Can anyone help me with wiring a kitchen oven on stage? 
It is a standard 220v oven/range. My stage has a 400A, 3 phase company switch. Can I safely wire the oven into this?
Plan B... Use a gas oven with a LP gas tank attached, the kind used with a gas gril. Does anyone think there is a venting problem with this or will the gas burn off completly and leave little fumes?


----------



## JChenault (Aug 5, 2009)

I have to ask why you need a practical oven on stage? Let's settle the 'Why' before the 'How'.


----------



## baggesiscenic (Aug 5, 2009)

Why a practical kitchen oven? The director wants the character to bake cookies from scratch then serve them to the audience at intermission. Yes it's crazy but I thought I would do a little research before I told him so.


----------



## derekleffew (Aug 5, 2009)

baggesiscenic said:


> ...It is a standard 220v oven/range. My stage has a 400A, 3 phase company switch. Can I safely wire the oven into this? ...

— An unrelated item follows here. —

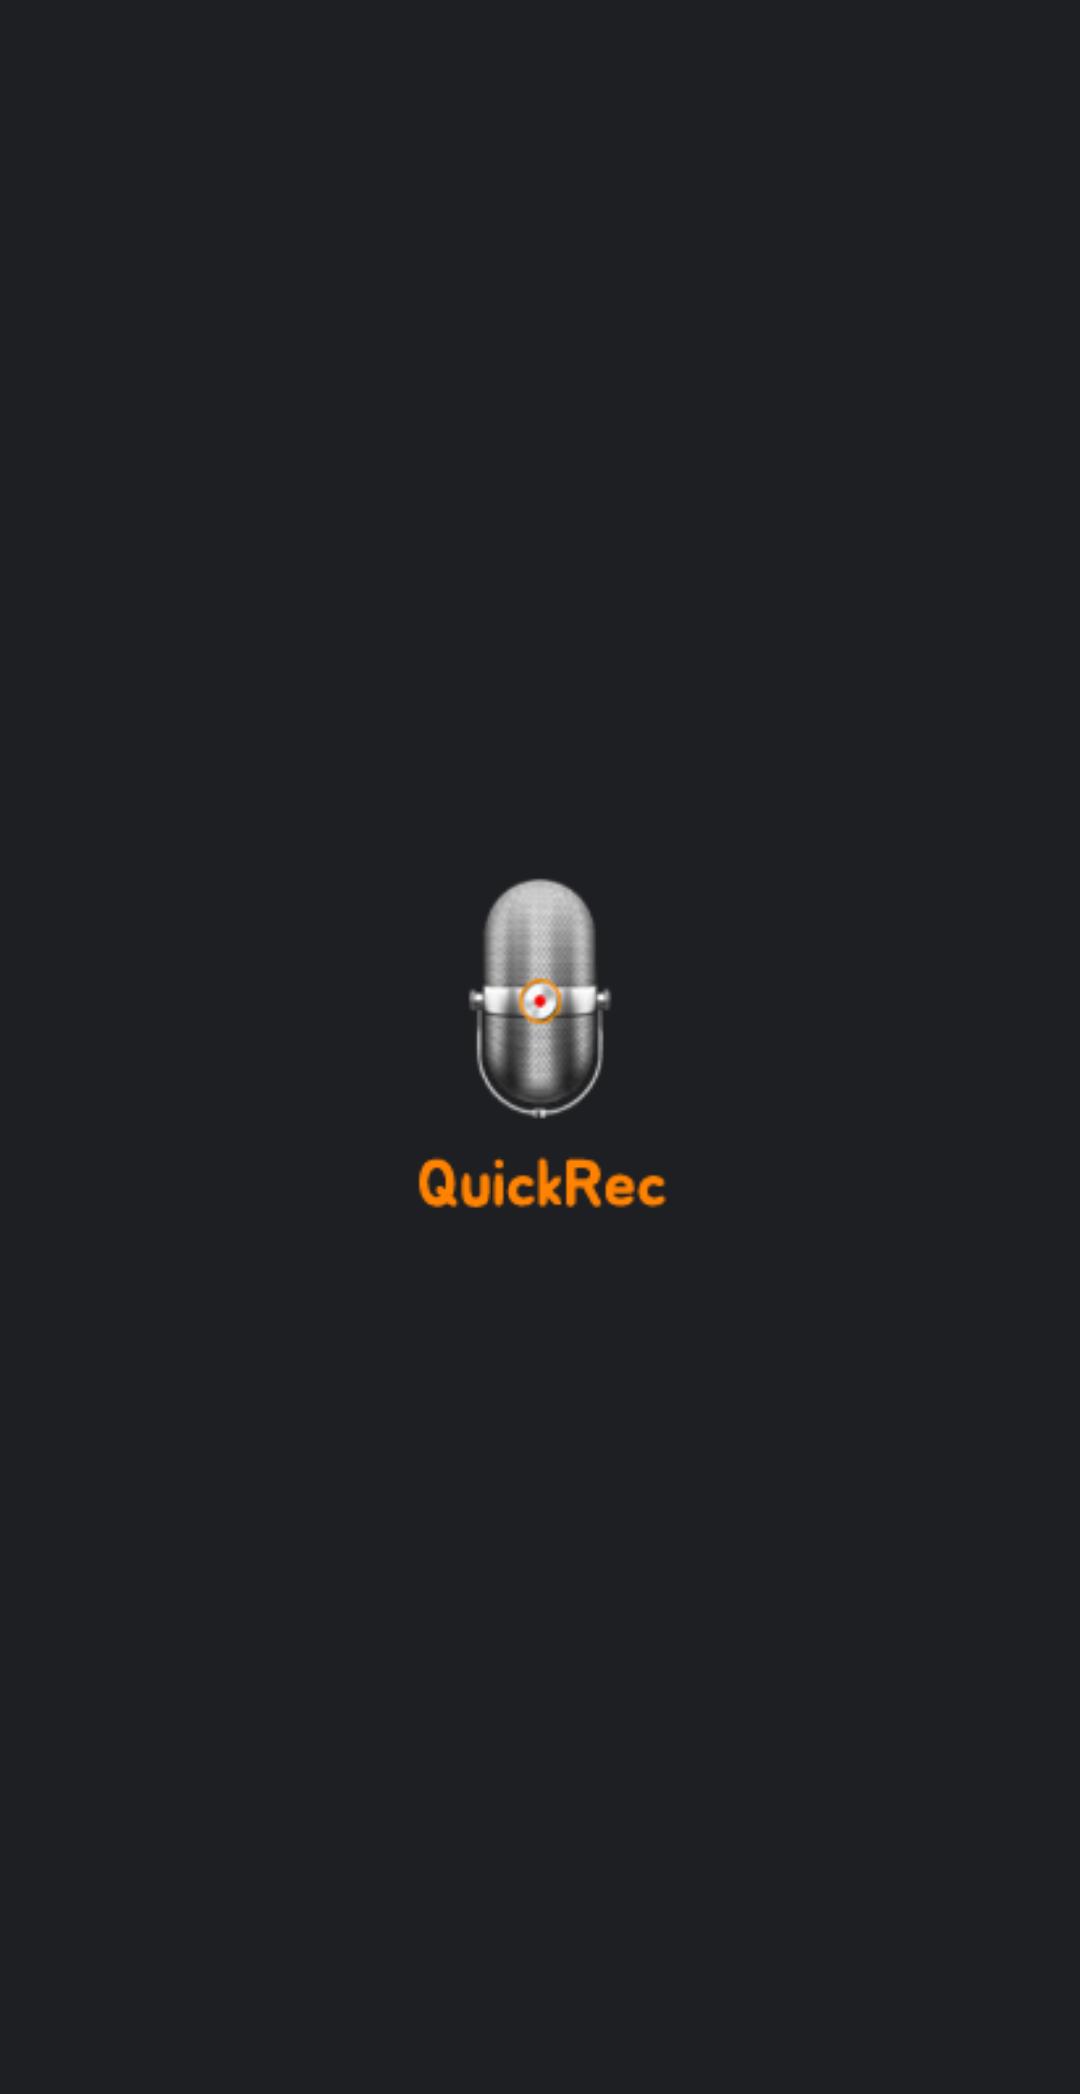 Audio & Voice Recorder(MP3, WAV) - QuickRec for Android - APK Download

*YOU* cannot. But a qualified electrician, with the proper hardware, can. We are unable to offer any further assistance, see ControlBooth - FAQ: Content Policies-Safety.


baggesiscenic said:


> ...Plan B... Use a gas oven with a LP gas tank attached, the kind used with a gas grill. ...


Absolutely not. Don't even *think* of considering this!

Does the oven actually have to cook something? Even on TV cooking shows, "swap-outs" are used.


----------



## Footer (Aug 5, 2009)

I am closing this thread, its way to heavy on the CB TOS (Wiring and Pyro). ControlBooth - FAQ: Content Policies

This goes under the clause of, if you have to ask how, you should not be doing it. Hot things onstage=fire=death. 

In order to have live flame onstage, a fire marshal must be involved, everything must be flamproofed (including costumes/wardrobe), and a fire plan must be in place. 


Find another option for what you want to do. If it is a live cooking show, its going to cost you a pretty penny to do this safely. If you continue on without the proper precuations and TRAINED/QUALIFIED people in place, you run the risk of a massive catastrophe. Kitchen fires happen all the time, don't make one start a theatre fire.


----------